Saturday, January 26, 2008
Video of "Our Life in Poetry: Emily Dickinson"
Friday, January 25, 2008
Bio of Emily Dickinson
At twenty she began withdrawing from the world. She stayed away from public functions. Then stayed just to her garden. Then to her house, and finally just to her room. Her father was very controlling and very afraid for her health. She had many illnesses. Went blind or nearly blind for years and went blind the last two years of her life. She probably had consumption and is believed to have died of Bright's disease, but underneath these physical and psychological reasons for withdrawal was a conscious choice to choose the life of renunciation and spiritual commitment. For most of her life she simply wore white though she often had many pockets sewn in which to keep a pencil and scraps of paper to write down her poems. She never published her poems since publishing was not the point of the writing and she rejected material success. She also was a great cultivator of flowers and spent hours in her conservatory. She sent countless letters to friends, people in need, often refurbished with her poems and flowers. She had a number of passionate loves and friendships, primarily on paper. For children, she would often lower a basket of gingerbread by a rope out her upstairs window. It was said that the death of her nephew eight year old Gilbert sent her into full retreat. In her later years she saw almost nobody. Letters were her primary contact.

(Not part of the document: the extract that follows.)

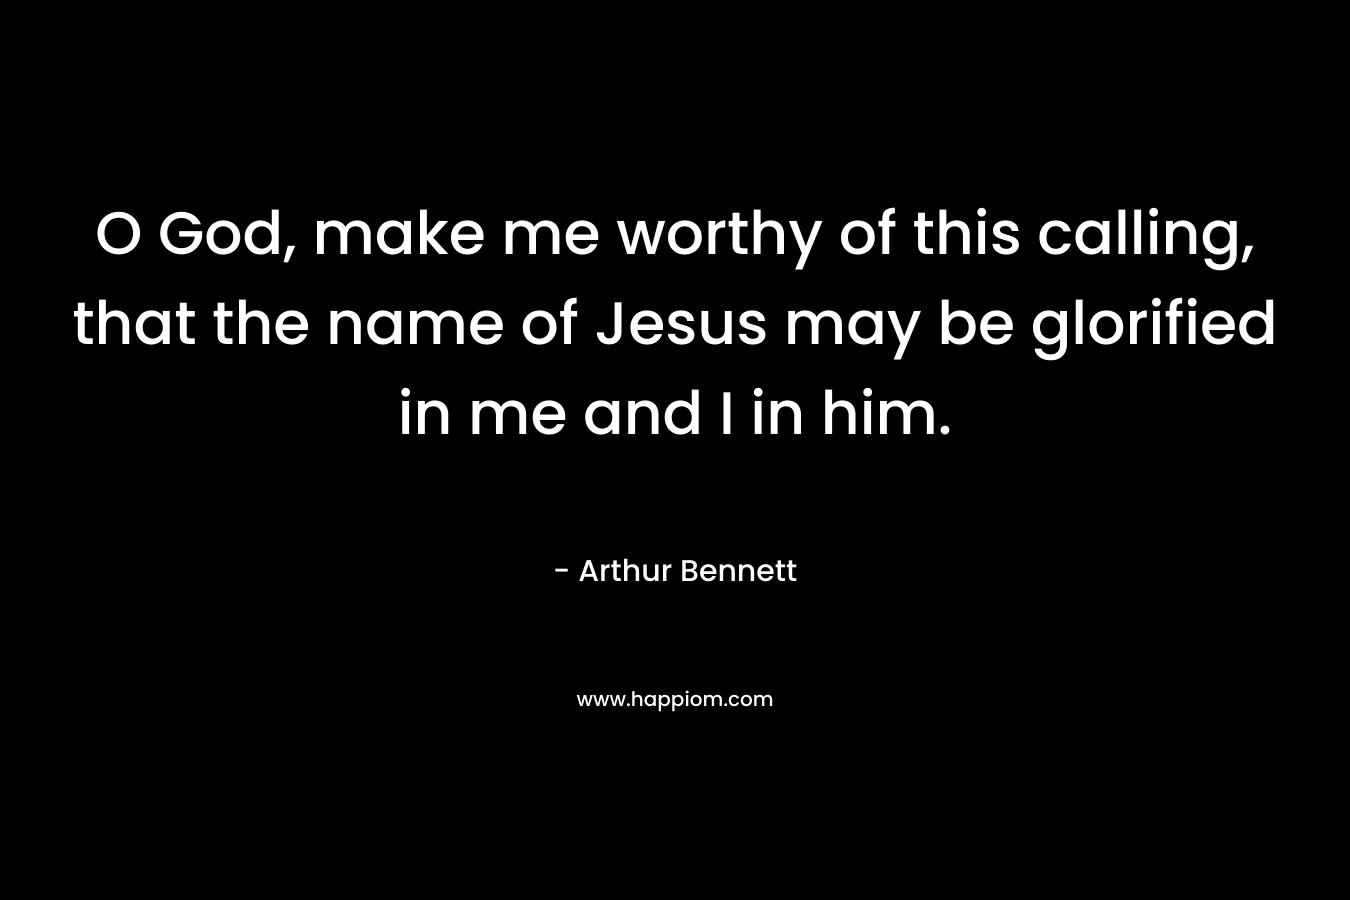 O God, make me worthy of this calling, that the name of Jesus may be glorified in me and I in him.

Mentors and inspirational sources were Charles Wadsworth (a well known reverend and fiery thinker of the time), Emerson, Shakespeare, Jonathan Edwards (a Calvinist--but she rejected the outer forms as it was manifest in the churches and by her family and went on her own inner search), the Bible and the Dictionary.
She had little comfort in religious forms but the ecstatic was a balm. And on one level she made no distinction between terror and the joyful. All of it was connected to living. She felt intimately connected with all life. Many poems were written about flowers, flies, a snake, the woods, mountains, sunsets, the sea --all against the backdrop of the eternal. Her last written words were, "Called back." When she died her sister found a box under her bed with over a thousand poems in it. No one had known.
About her poetry, people have spent decades studying it. She left almost 2,000 poems. The scope and body of work is so vast it can be likened to the story of the blind men touching different parts of an elephant and describing what they touch as what an elephant is. Like Shakespeare, Dickinson is revisioned and reframed with each successive modern construct and trend, from psychoanalysis to purported lesbian relationships. Like Shakespeare her work is bigger than anything that can be pinned down. Two cogent analyses come from “My Emily Dickinson” by Susan Howe. According to Howe, Dickinson was inspired by Jonathan Edwards and believed that words were annexed to reality by sensation. (p. 49). In poem after poem it is the sensation which leads you in. And, “Edwards and Dickinson forced people through shock and through subtraction of the ordinary, to a new way of perceiving. Subject and object were fused at that moment, into the immediate ‘feeling’ of understanding. This re-ordering of the forward process of reading is what makes her poetry and the prose of her letters among the most original writing of her century.” (p.51)I believe that the vitality and multi-dimensionality of her poetry is rarely met in modern poetry today. Like a contemplative, her retreats gave her room to hear the non-ordinary. She used the cold steel of her life, her passion for nature, and her constant awareness that there was never any separation from the Immortal as the forge to create her work.
To me one of the last poems she wrote says it all:
The Ecstasy to guess,
Were a receipted Bliss
If Grace could talk.
I believe Grace talked to her and she listened.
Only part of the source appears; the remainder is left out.